When drafting policies addressing the use of social media, your logo, or your uniform, you should establish the business justification for its policy. These same considerations are important when enforcing the policy. As opposed to a blanket-prohibition on the use of the company logo or uniform in social media posts, you may expressly prohibit social media posts that purport to speak on behalf of your organization or that may tend to pose a risk to – or threaten to pose a risk to – patient care, health, and safety while using the company logo or wearing your uniform. The policy should also encourage employees to include a disclaimer on posts mentioning the company, making clear that the statements and opinions expressed are not those of the organization, but are personal opinions.
Investigating Off-Duty Conduct Or Social Media Activity
If an employee’s off-duty or on-line activity violates a company policy, may adversely impact job performance or co-workers, or detrimentally affects business operations, you have a right – and perhaps even a duty – to investigate. Investigations must always be neutral, objective, and well-documented.
Moreover, in view of the increasing level of COVID-related communication activity among healthcare employees, you should always consider whether the conduct could be considered PCA under the NLRA. For example, employees are currently likely to discuss questions and concerns regarding COVID-19 vaccines and their employer’s policies. When such conduct involves or mentions the workplace, co-workers, job duties, terms and conditions of employment, or purports to represent the interests of more than one employee, it could be PCA – meaning that legal counsel should be consulted regarding your follow-up investigation.

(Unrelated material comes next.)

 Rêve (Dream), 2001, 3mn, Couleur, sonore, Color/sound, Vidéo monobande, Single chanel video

Disciplining Off-Duty Conduct Or Social Media Activity
Disciplining off-duty conduct requires careful attention to the details underlying the conduct, as well as your policies, and, if applicable, the terms of the collective bargaining agreement. Disciplinary notices should specifically identify the unacceptable conduct and identify specific policies that were violated.

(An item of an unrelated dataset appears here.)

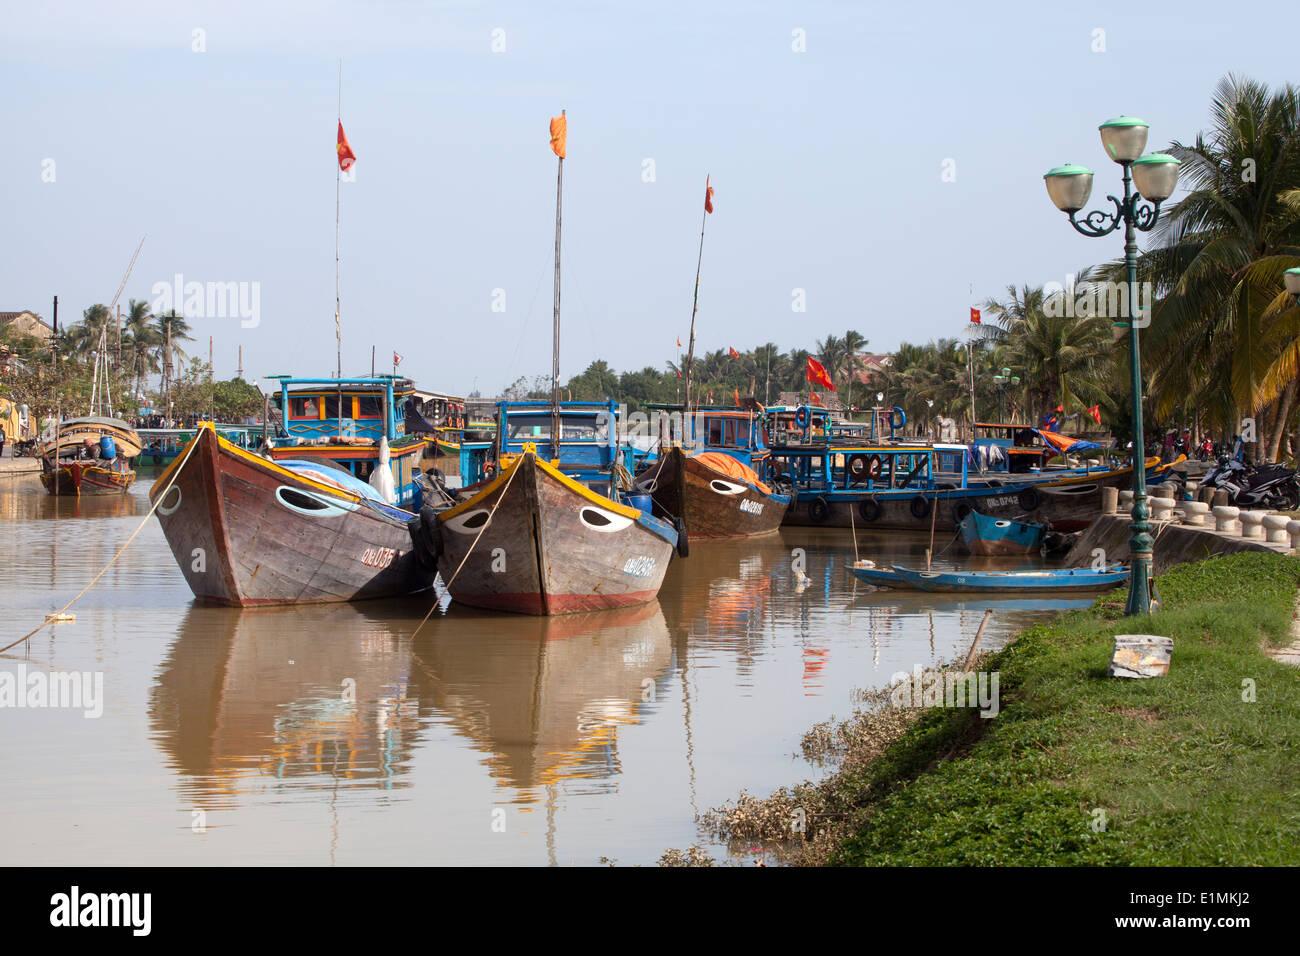 Bateaux dans la rivière Thu Bon à Hoi An Vietnam Photo Stock

For example, stating only that the disciplinary action is issued for “acting in a way that reflects poorly on the organization,” without citing any related policies, is probably too broad. It does not even establish that the employee violated a policy. On the other hand, stating that the disciplinary action is for “engaging in conduct in violation of the employer’s infection control and safety policies in a manner that poses a risk to staff and patient care,” while describing the specific conduct and citing the applicable policies, is much more likely to withstand a challenge, particularly if the underlying policy is sound and lawful.
Very specific documentation, clearly describing the unacceptable conduct, the policy or policies violated, the detrimental impact on the company, and expectations going forward, will serve you best in these situations. Again, if the offensive conduct could be considered PCA, you should seek legal counsel before proceeding.
As explained, during this challenging time it is especially critical to understand both the employer’s rights and the employee’s rights to maintain safety and keep the reputation of your system intact.